- **INPUT DATA**:
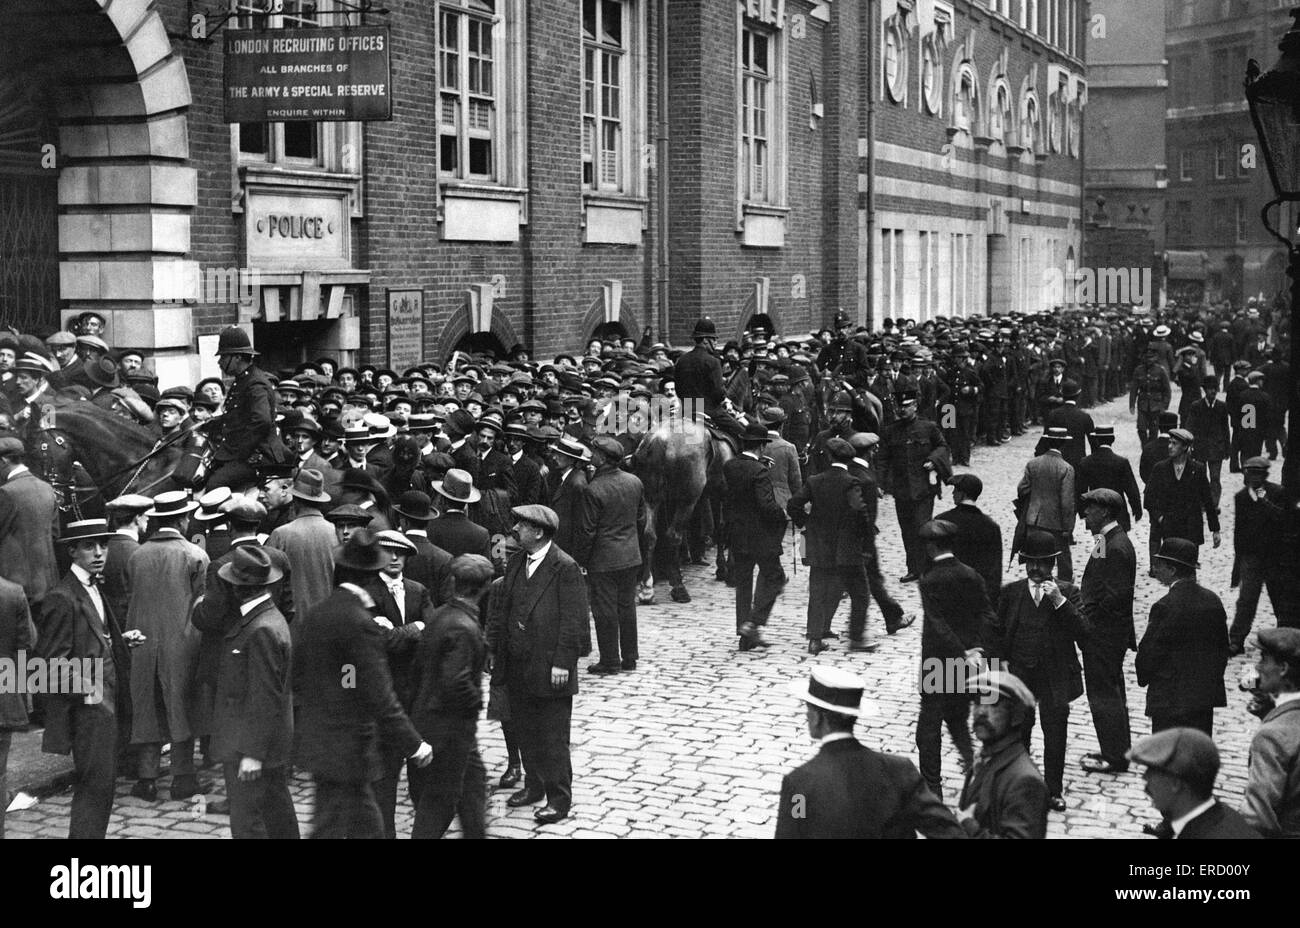 Personalbeschaffung von Scotland Yard, wäre London belagert von Rekruten in der ersten Woche des ersten Weltkrieges.  Die Massen waren so große berittene Polizei notwendig, die Menge in Schach zu halten. 6. August 1914 Stockfoto
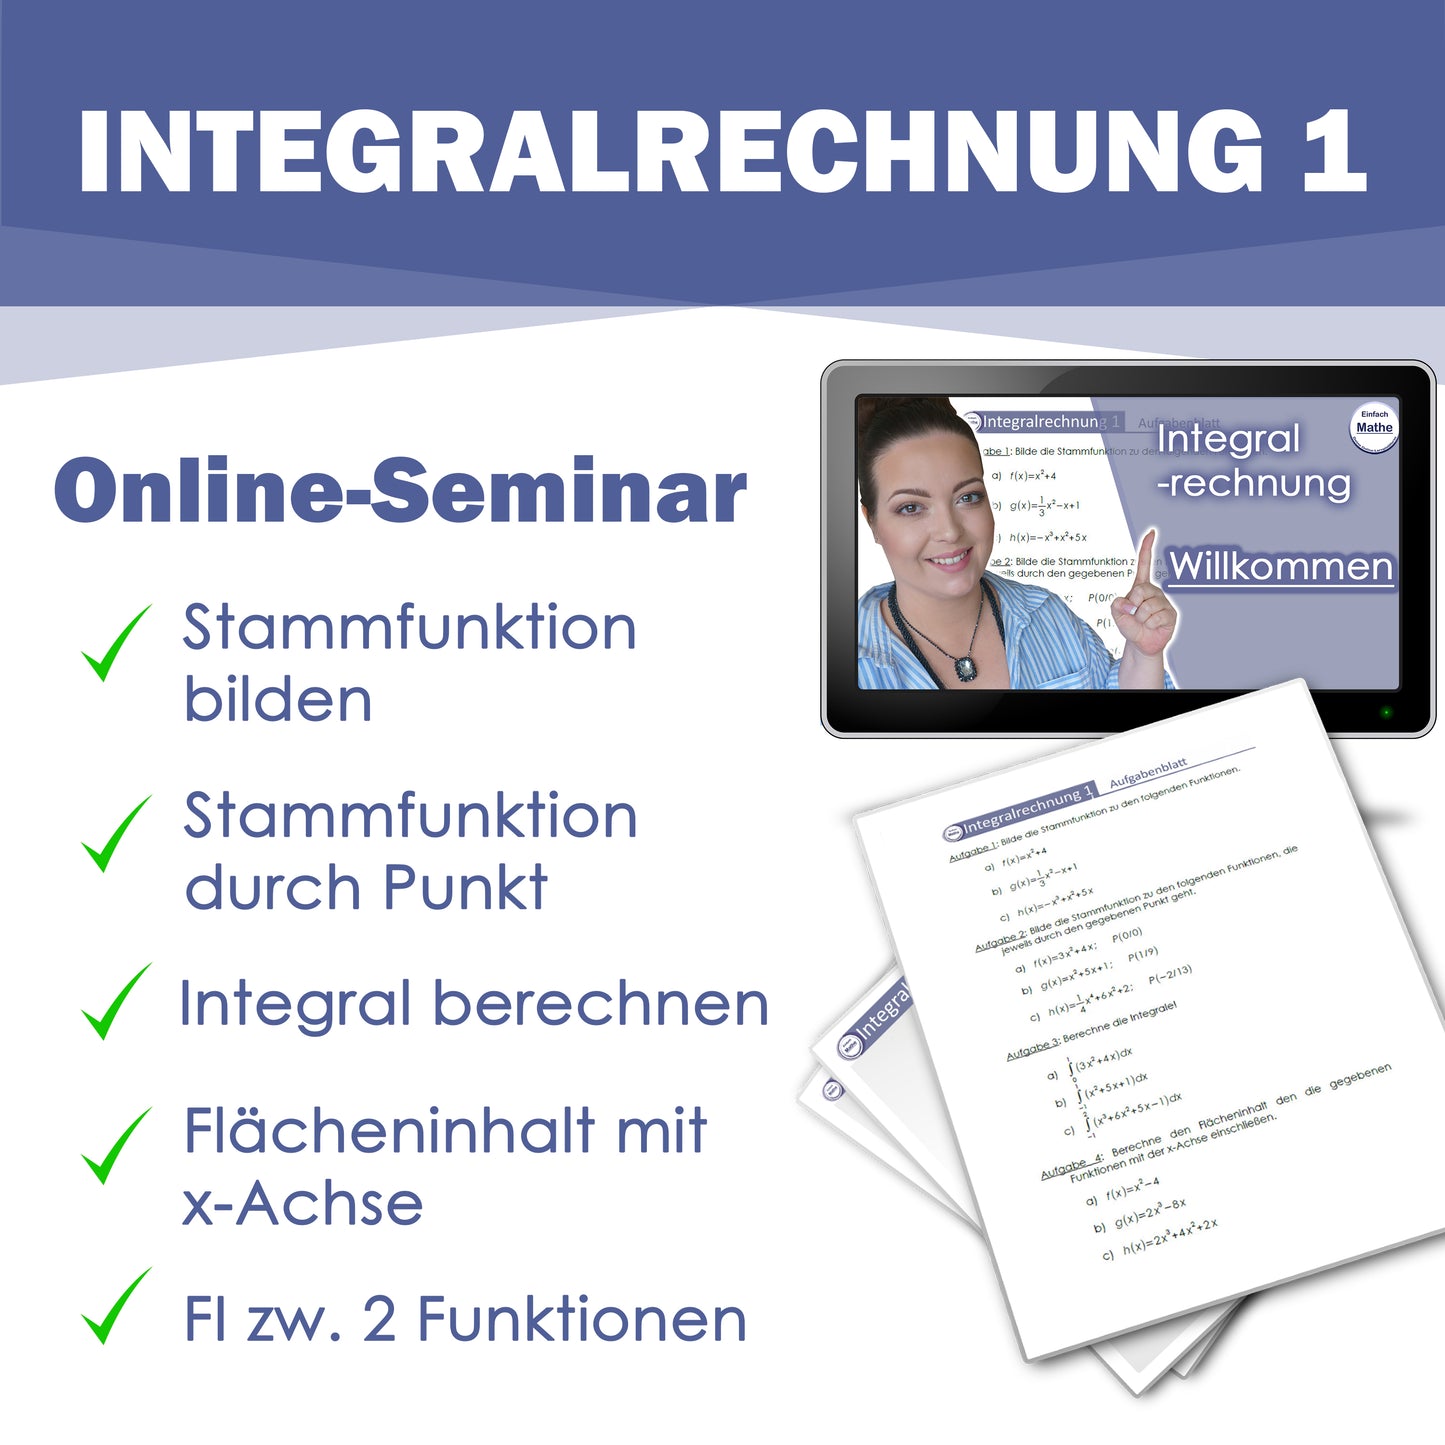 Integralrechnung 1 Online-Seminar
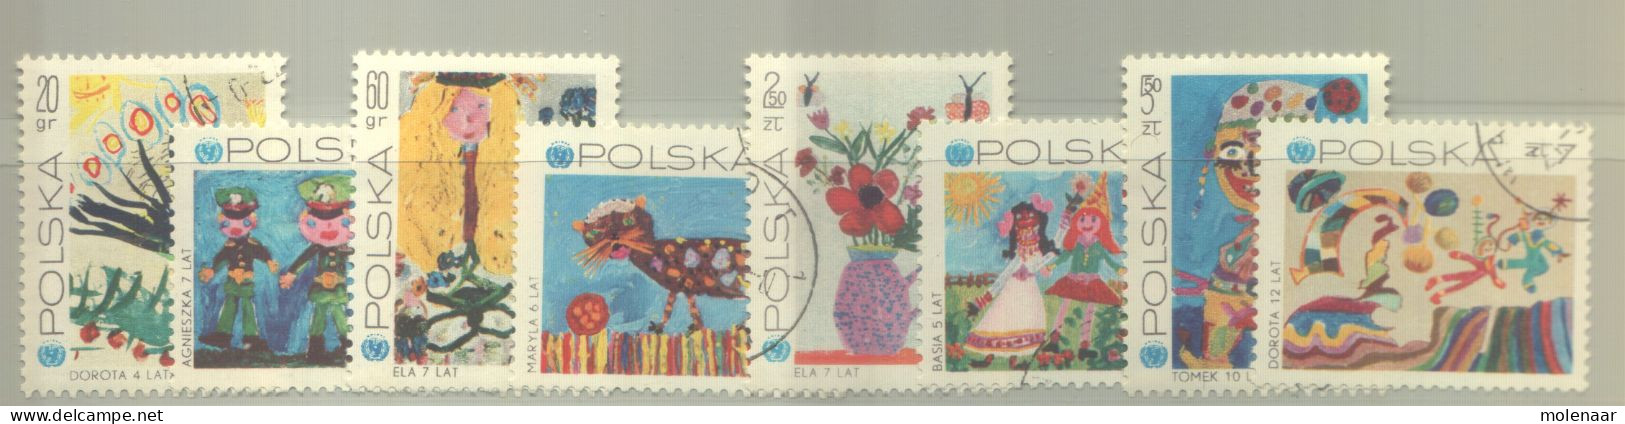 Postzegels > Europa > Polen > 1944-.... Republiek > 1981-90 > Gebruikt 2075-2082 (12193) - Usados
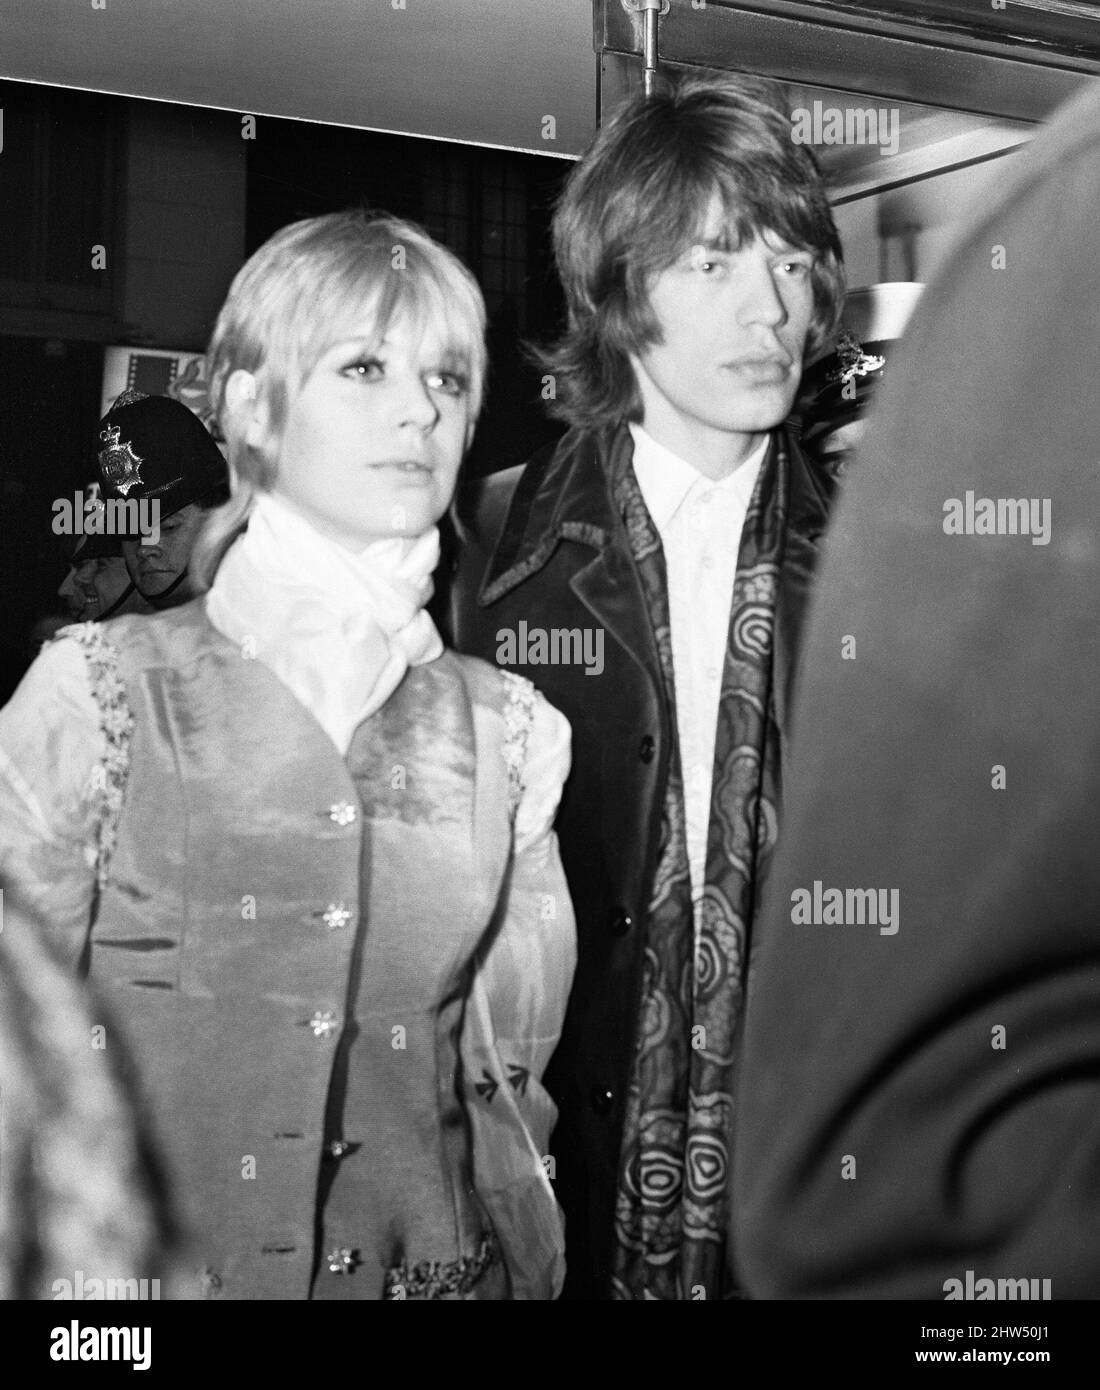 Mick Jagger, chanteur du groupe pop Rolling Stones, photographié avec sa petite amie Marianne Faithfull lors de la première du film de science-fiction Stanley Kubrik « 2001 A Space Odyssey » à Londres.10th mai 1968. Banque D'Images

- **WHAT TO DO**:
Pictures stay out. Print the data exactly, from its first line through the line containing "Integralrechnung 1 Online-Seminar".

- **TASK OUTPUT**:
 Personalbeschaffung von Scotland Yard, wäre London belagert von Rekruten in der ersten Woche des ersten Weltkrieges.  Die Massen waren so große berittene Polizei notwendig, die Menge in Schach zu halten. 6. August 1914 Stockfoto
 Integralrechnung 1 Online-Seminar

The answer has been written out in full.